French group to open two hotels in Damascus

France's Louvre Hotels Group has signed an agreement to open two hotels under its own name in Damascus, the first with a western hotel operator since Syria's brutal civil war began in 2011.

French group to open two hotels in Damascus
Louvre owns the Golden Tulip five-star brand. Photo: Louvre Hotels Group
The confirmation of the two hotels opening, after recent media reports, came a day after the UN announced an internal investigation into the bombing of hospitals in Syria, and as at least six civilians were killed by the Syrian regime and Russian fire in northwestern Idlib province in the past days, according to the Syrian Observatory for Human Rights.
 
The region of around three million people, many of them displaced by fighting in other areas, is one of the last holdouts of opposition fighting against the forces of Syrian President Bashar al-Assad.
   
The Hayat Tahrir al-Sham alliance led by Al-Qaeda's former Syria affiliate controls most of Idlib as well as parts of neighbouring Aleppo and Latakia provinces.
   
The hotels “will open soon under the brand name of Louvres Hotels Group,” the company, which is owned by China's Jin
Jiang, said in a statement.
 
Louvre Hotels Group said the deal was signed between Syria's Nazha Investment Group and “a partner with whom Louvre Hotels cooperates in the Middle East”.
   
The exact number of people killed in Syria's war is unknown but hundreds of thousands have died.
   
Several dozen medical facilities with links to the UN have been damaged or destroyed by bombs this year.
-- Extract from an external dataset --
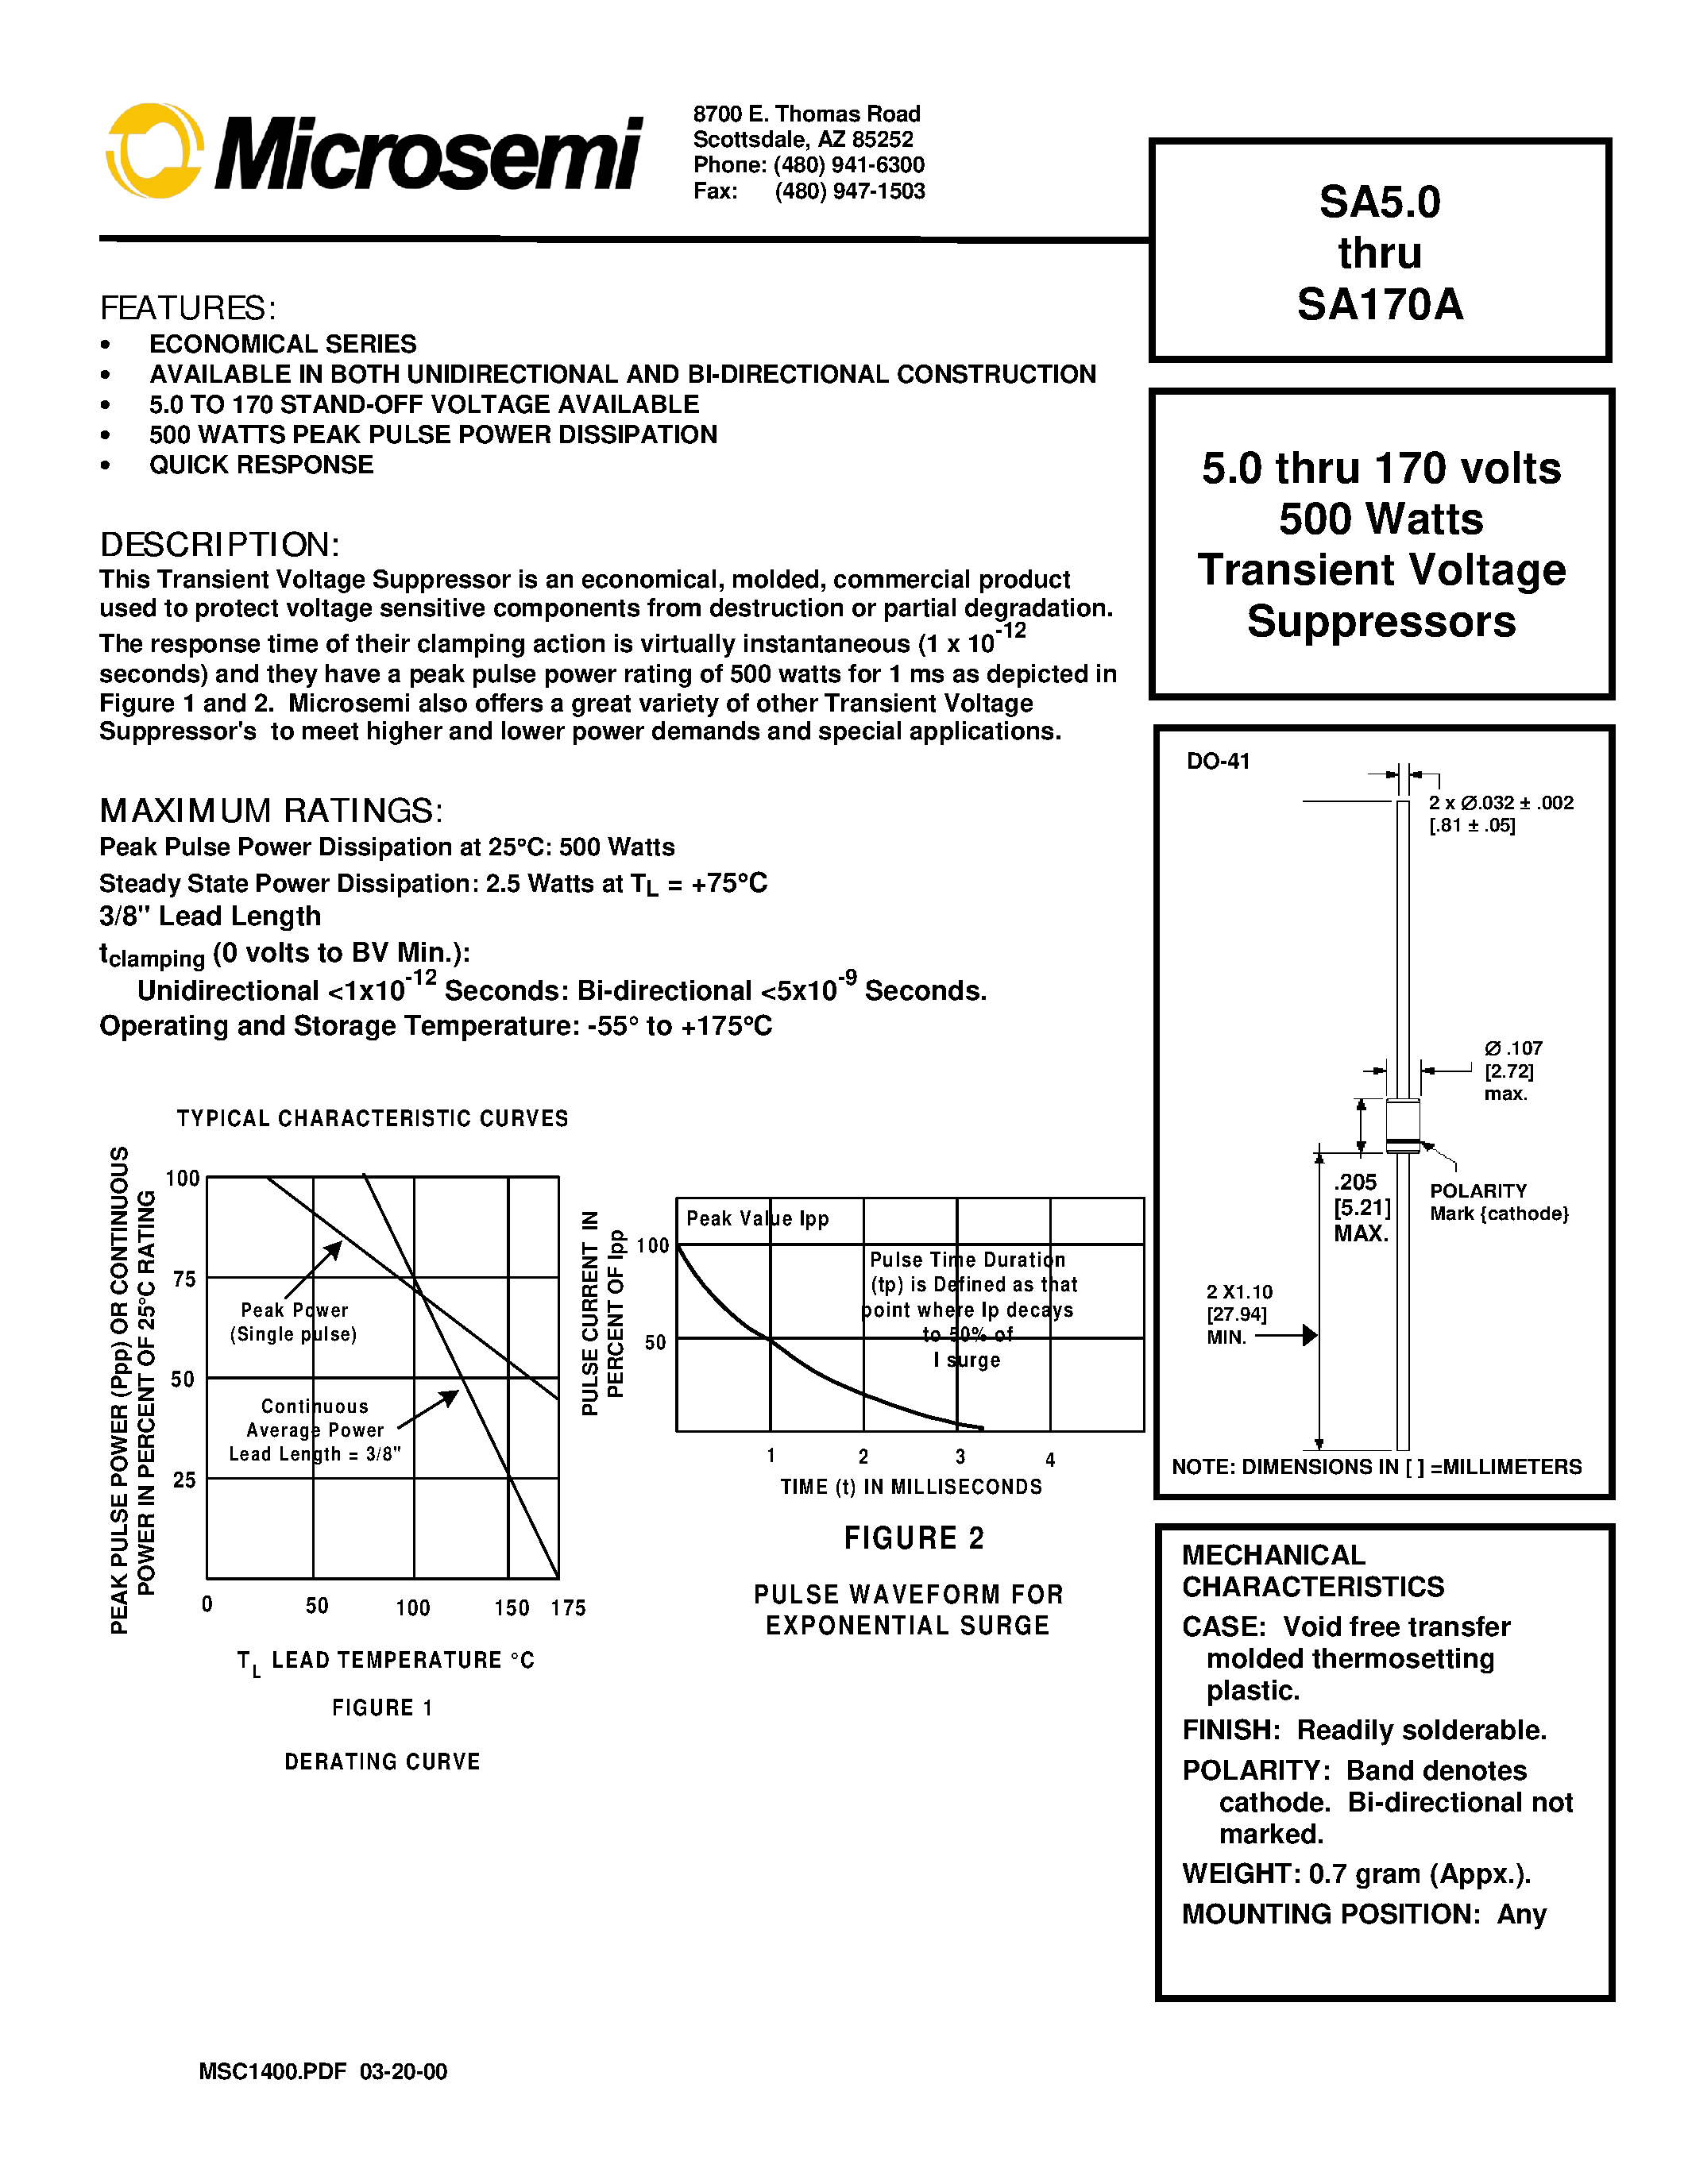 Datasheet SA20A - 5.0 thru 170 volts 500 Watts Transient Voltage Suppressors page 1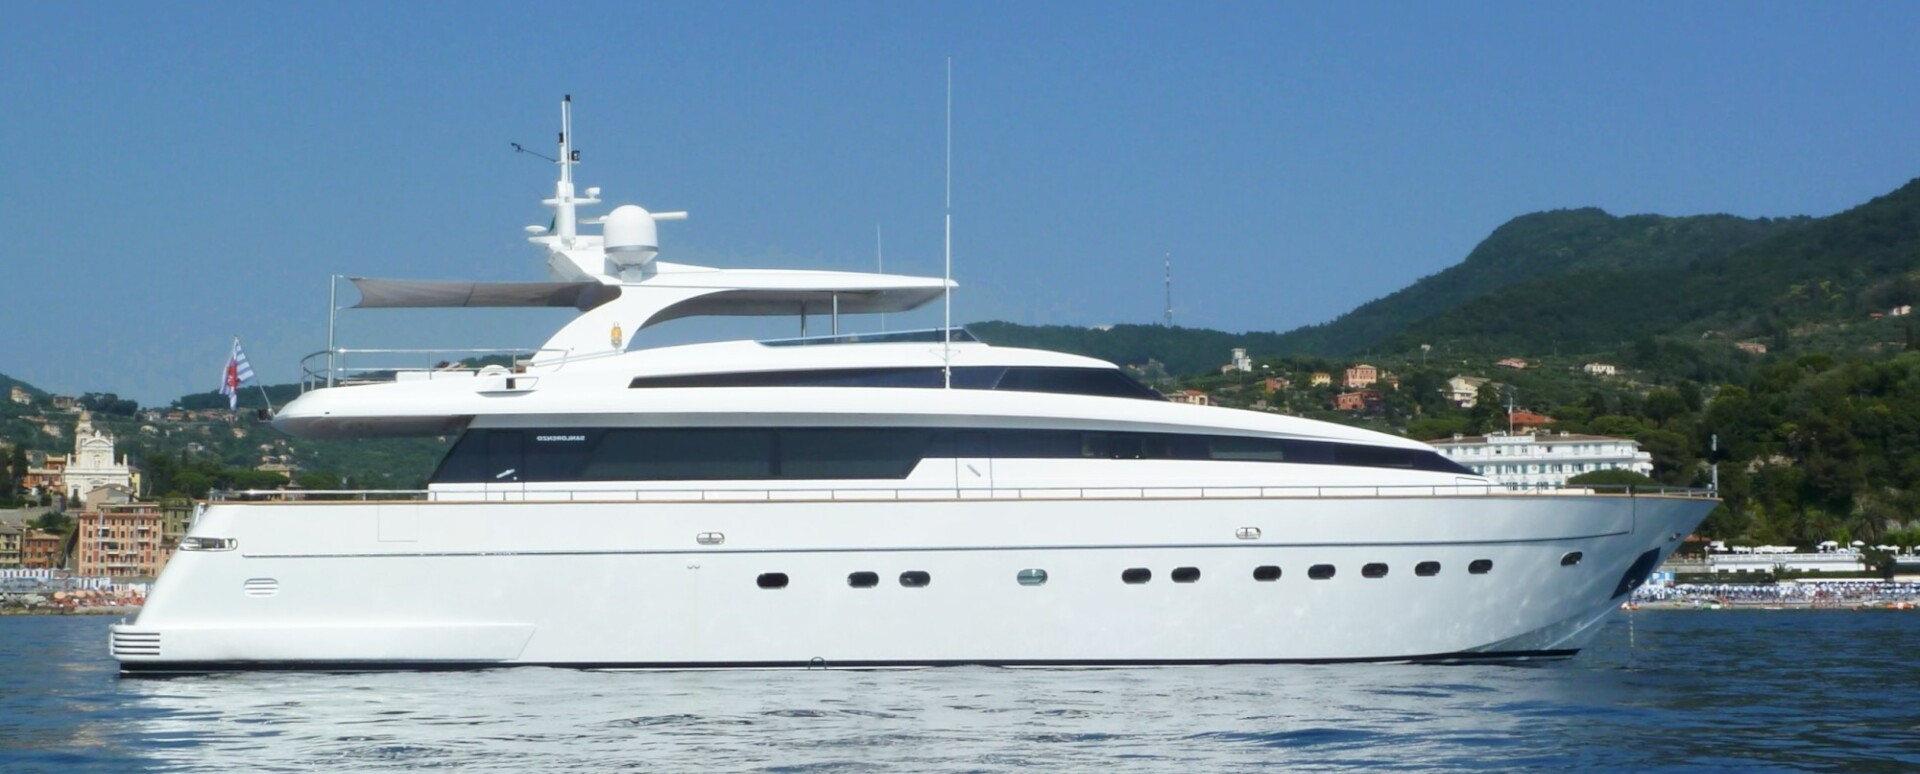                                                                                                     KK Superyachts lists 30m Sanlorenzo SL100 M/Y SUD for sale

Russian has denied deliberately targeting civilian installations.
   
UN Secretary General Antonio Guterres on Friday said an internal inquiry would look into the bombing of hospitals in Syria which had previously flagged their coordinates to avoid air strikes.
   
“The deal is strictly in line with international law and all international directives regarding Syria,” the French company statement said.
   
According to the website, The Syria Report, it is the first agreement with a western hotel operator since 2011, when the devastating conflict began. Louvre Hotels Group was taken over by China's Jin Jiang in 2015 and it operates more than 1,500 hotels in 54 countries.